"Aster,"
"Apa?!"
"Uwak juga sudah pulang," cicit laki-laki itu.
"Tempat kerja Uwak kan dekat dengan rumah. Wajar dia pulang duluan."
Aster tidak memahami maksud perkataannya. Ia mendekati saudara perempuannya yang sudah dua tahun hidup di tanah orang dengan dirinya.
"Bukan begitu maksudku."
"Terus apa?" tanya Aster yang masih sibuk dengan sepatunya.

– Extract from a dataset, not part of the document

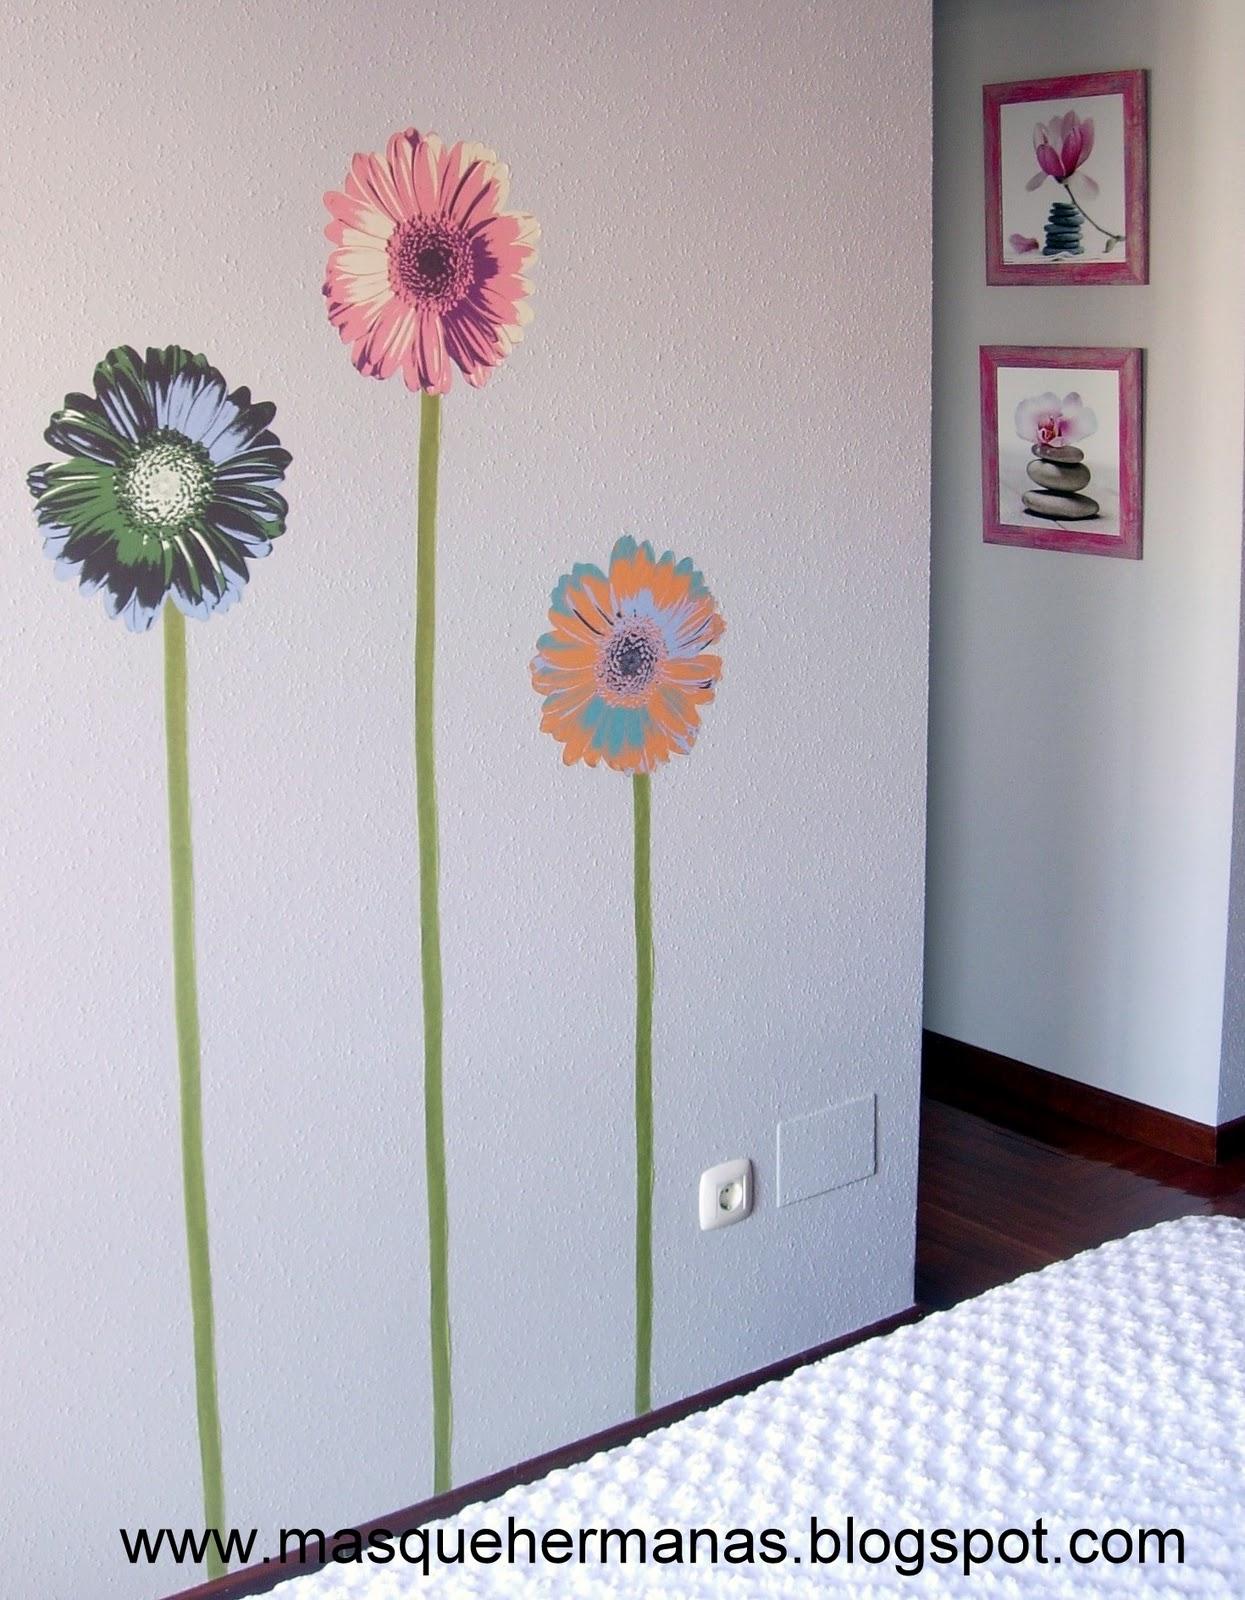 M s que hermanas vinilos y l minas decorativas for Vinilos pared gotele

"Uwak pulang ke rumah yang sebenarnya." Kepala laki-laki itu menunduk. Sepasang matanya berkaca-kaca. Ia tak pernah semuram ini ketika membicarakan kepulangan Uwak. Hal ini seharusnya tidak akan pernah terjadi seandainya kepulangan Uwak tidak mengandung makna lain.

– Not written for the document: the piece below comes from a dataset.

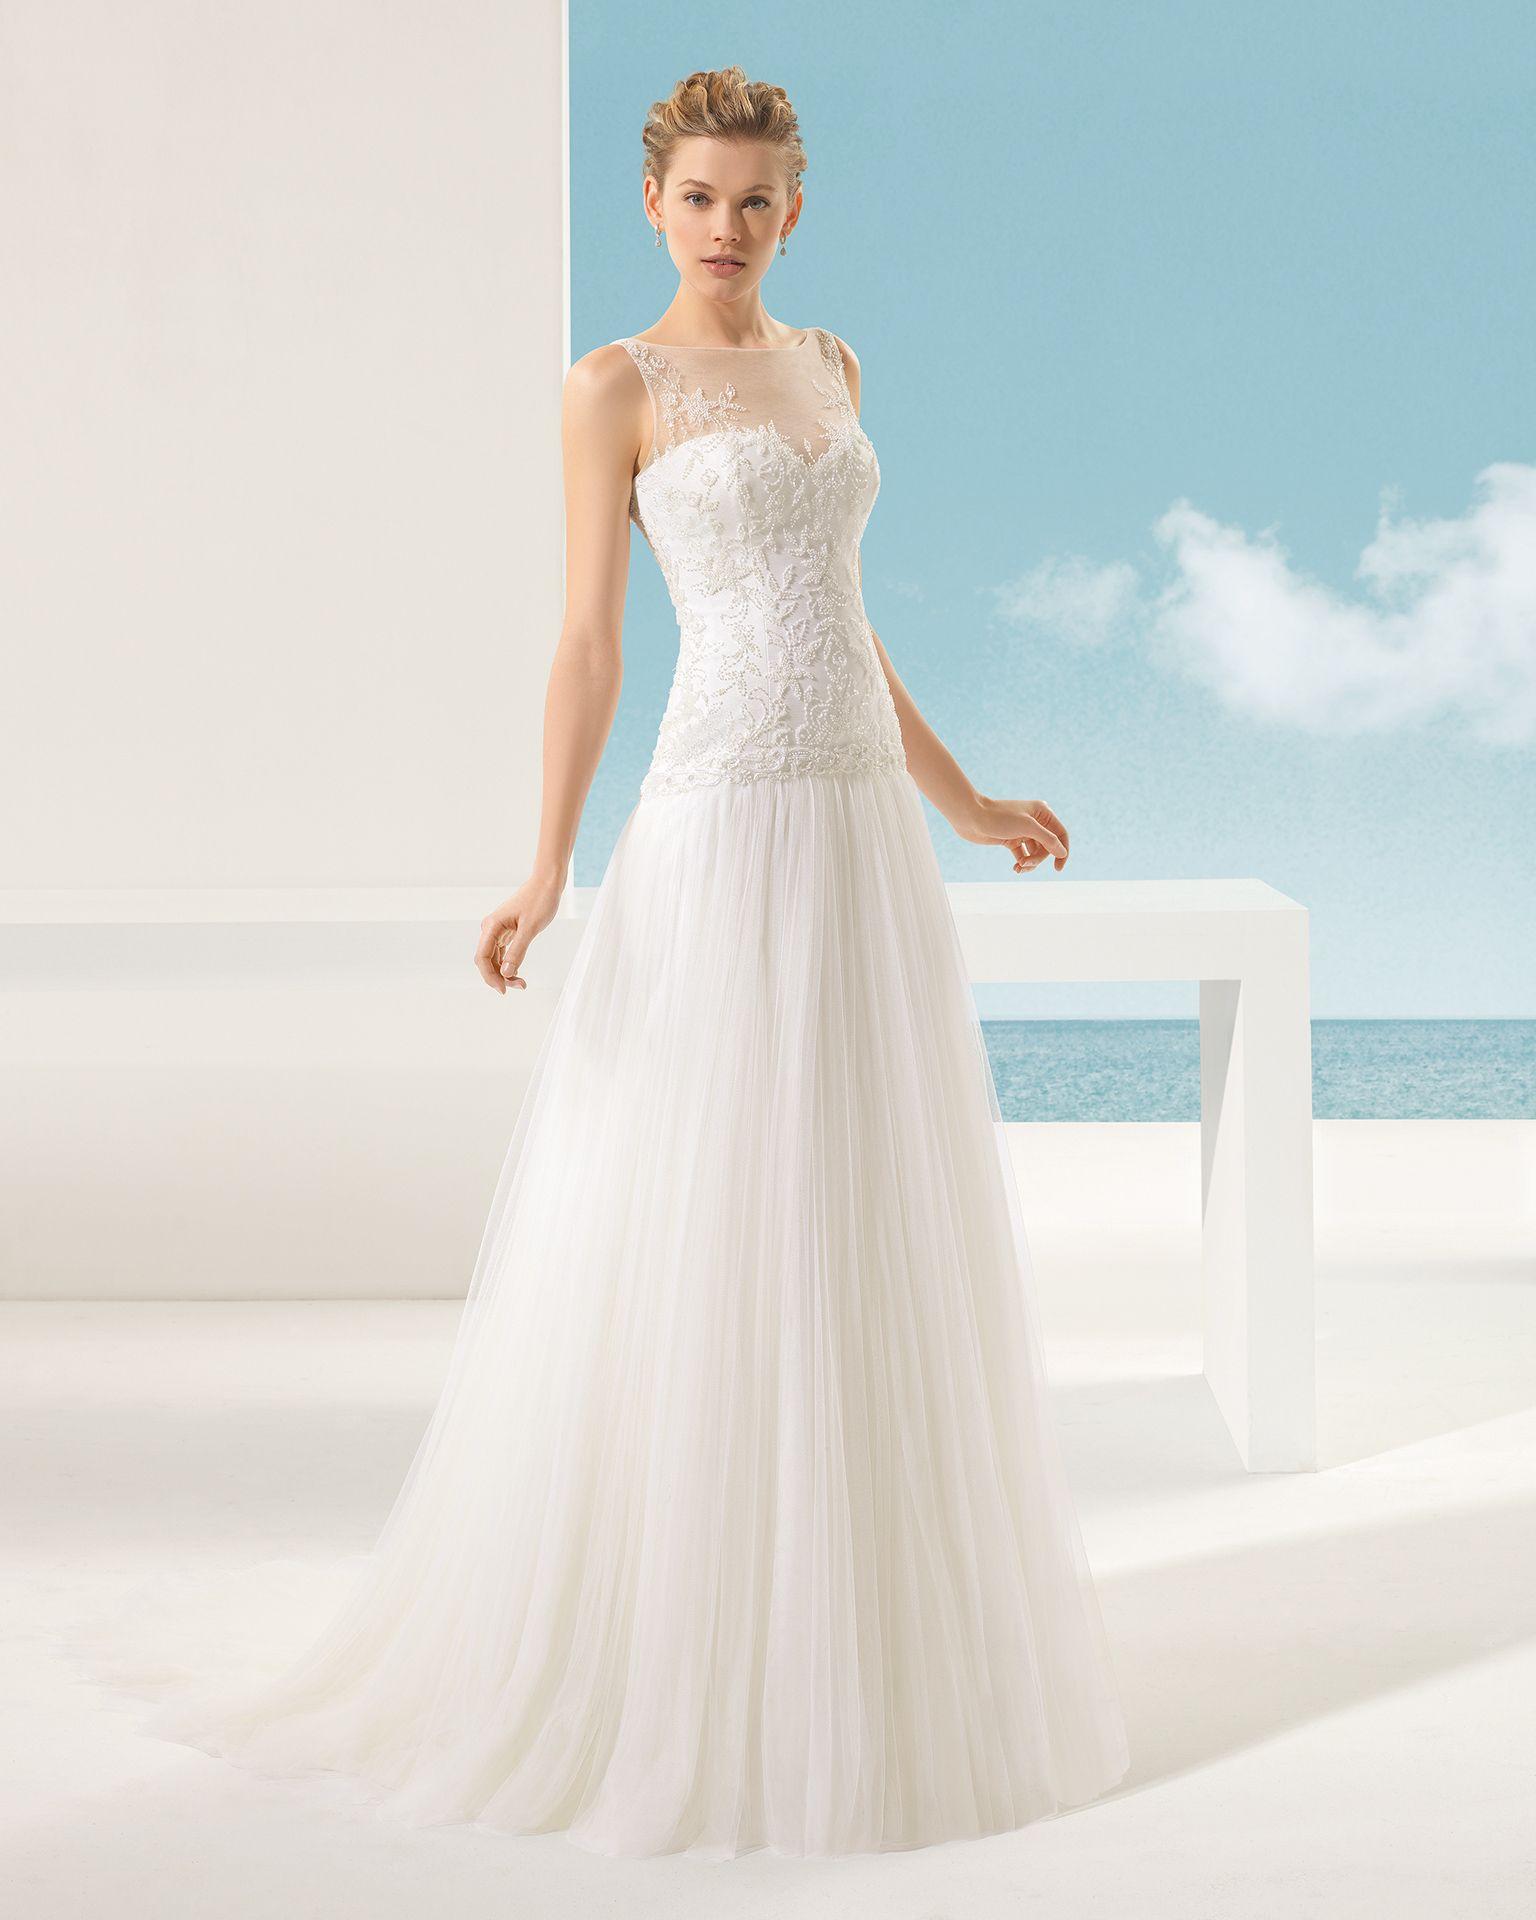 Vestidos de novia y vestidos de fiesta | Bridal gowns, Stunning ...

Jantung Aster berhenti berdetak. Ia membalikkan badan. Melihat laki-laki di depannya menunduk dengan mata berair. Di posisi seperti ini, ia bersyukur karena tinggi badannya tidak setinggi badan laki-laki tersebut, sehingga ia masih bisa melihat mata dengan sorot yang suram.
"Maksudnya?"
Menarik nafas dalam-dalam, dan memberanikan menatap saudara perempuan yang menjadi alasannya di sini, laki-laki itu terpaksa mengatakan dua kata yang tak ingin didengar oleh mereka yang dekat dengan Uwak.